6 JACK WORTHING (ERNEST)
Jack Worthing, the play’s protagonist, was discovered as an infant in a handbag in the cloakroom of a railway station in London. Jack has grown up to be a seemingly responsible and respectable young man, a major landowner and Justice of the Peace in Hertfordshire, where he has a country estate. Here he is known by what he imagines to be his real name, Jack, as a pillar of the community. He is guardian to Cecily, and has other duties and people who depend on him, including servants, tenants, farmers, and the local clergyman. For years, he has also pretended to have an irresponsible younger brother named Ernest, whom he is always having to bail out of some mischief. In fact, he himself is the reprobate brother Ernest. Ernest is the name Jack goes by in London, where he really goes on these occasions. The fictional brother is Jack’s alibi, his excuse for disappearing from Hertfordshire and going off to London to escape his responsibilities and indulge in exactly the sort of behaviour he pretends to disapprove of in his brother.

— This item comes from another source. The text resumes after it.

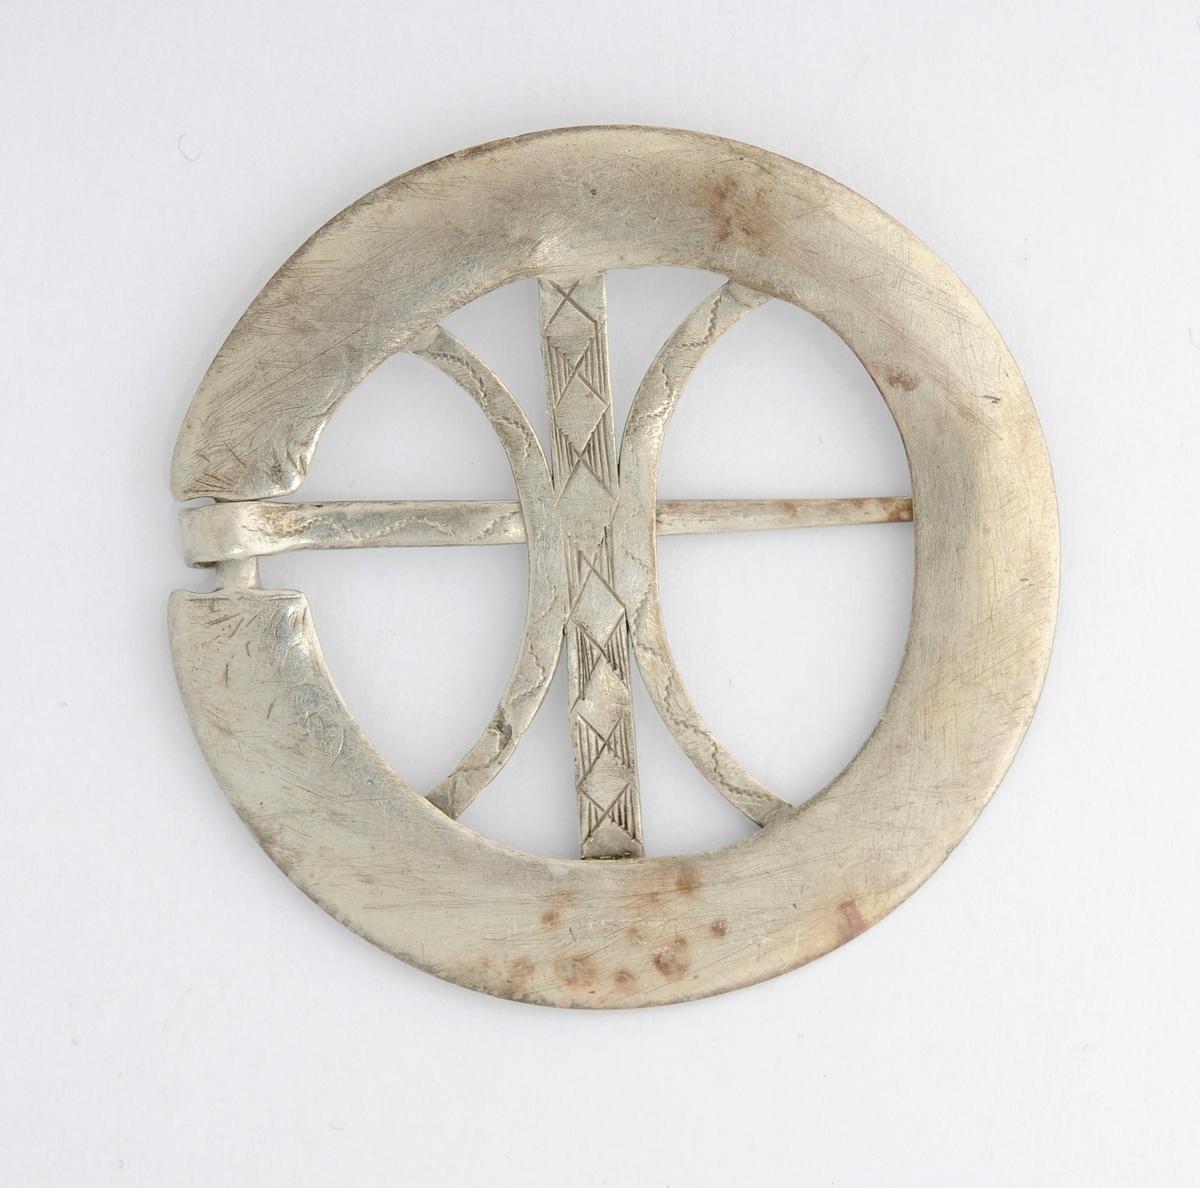 Sølje, bringering i sølv (utan stempel). Rund, (støypt ?) med ei nål (tann). Pålodda midtstolpar med gravert mønster. Glatt på baksida.
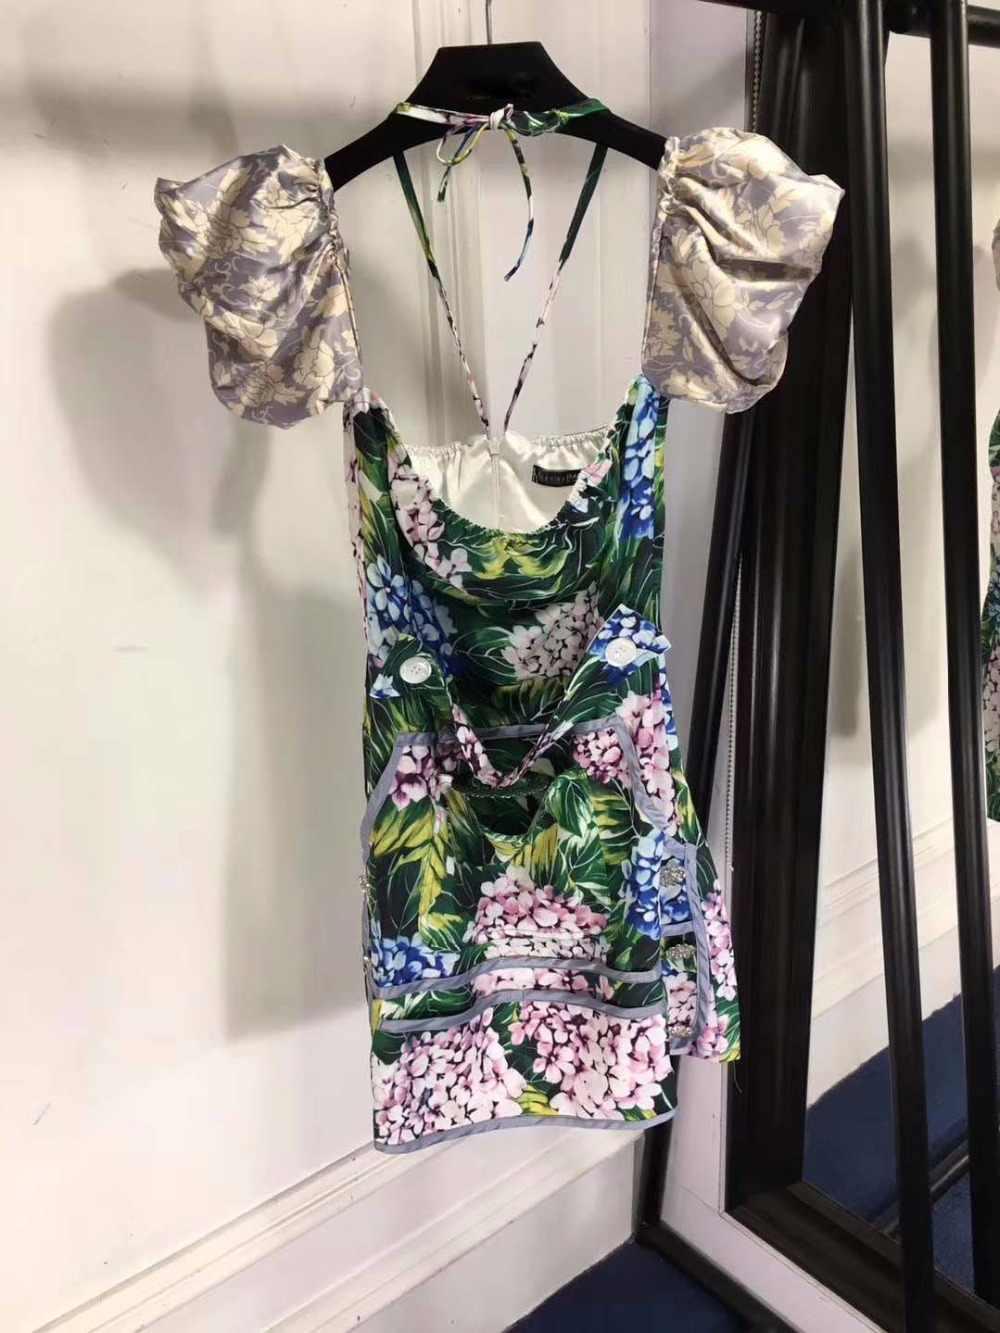 เซ็กซี่ห่อหน้าอกชุดที่สวยงามพิมพ์ชุดฤดูร้อนsarafanแฟชั่นตัดชุดมินิเซ็กซี่ชุดe vevingพรรคสุภาพสตรีชุด

7 ALGERNON MONCRIEFF (BUNBURY)
Algernon, the play’s secondary hero, is closer to the figure of the dandy than any other character in the play. A charming, idle, decorative bachelor, Algernon is brilliant, witty, selfish, amoral, and given to making delightful paradoxical and epigrammatic pronouncements that either make no sense at all or touch on something profound. Like Jack, Algernon has invented a fictional character, a chronic invalid named Bunbury, to give him a reprieve from his real life. Algernon is constantly being summoned to Bunbury’s deathbed, which conveniently draws him away from tiresome or distasteful social obligations. Like Jack’s fictional brother Ernest, Bunbury provides Algernon with a way of indulging himself while also suggesting great seriousness and sense of duty. However, Jack does not admit to being a “Bunburyist,” even after he’s been called on it, while Algernon not only acknowledges his wrongdoing but also revels in it.

8 GWENDOLEN FAIRFAX More than any other female character in the play, Gwendolen suggests the qualities of conventional Victorian womanhood. She has ideas and ideals, attends lectures, and is bent on self-improvement. She is also artificial and pretentious. Gwendolen is in love with Jack, whom she knows as Ernest, and she is fixated on this name. Gwendolen is so caught up in finding a husband named Ernest, whose name, she says, “inspires absolute confidence,” that she can’t even see that the man calling himself Ernest is fooling her with an extensive deception. In this way, her own image consciousness blurs her judgment. She is strong-minded and speaks with unassailable authority on matters of taste and morality. She is both a model and an arbiter of elegant fashion and sophistication, and nearly everything she says and does is calculated for effect.

9 CECILY CARDEW If Gwendolen is a product of London high society, Cecily is its opposite. She is a child of nature, as innocent and unspoiled as a pink rose, to which Algernon compares her. However, her cleverness is belied by her fascination with wickedness. She is obsessed with the name Ernest just as Gwendolen is, but wickedness is primarily what leads her to fall in love with “Uncle Jack’s brother,” whose reputation is wayward enough to intrigue her. Like Algernon and Jack, she is a fantasist. She has invented her romance with Ernest and elaborated it with as much enthusiasm as the men have their secret identities. Though she does not have an alter-ego as vivid or developed as Bunbury or Ernest, her claim that she and Algernon/Ernest are already engaged is rooted in the fantasy world she’s created around Ernest.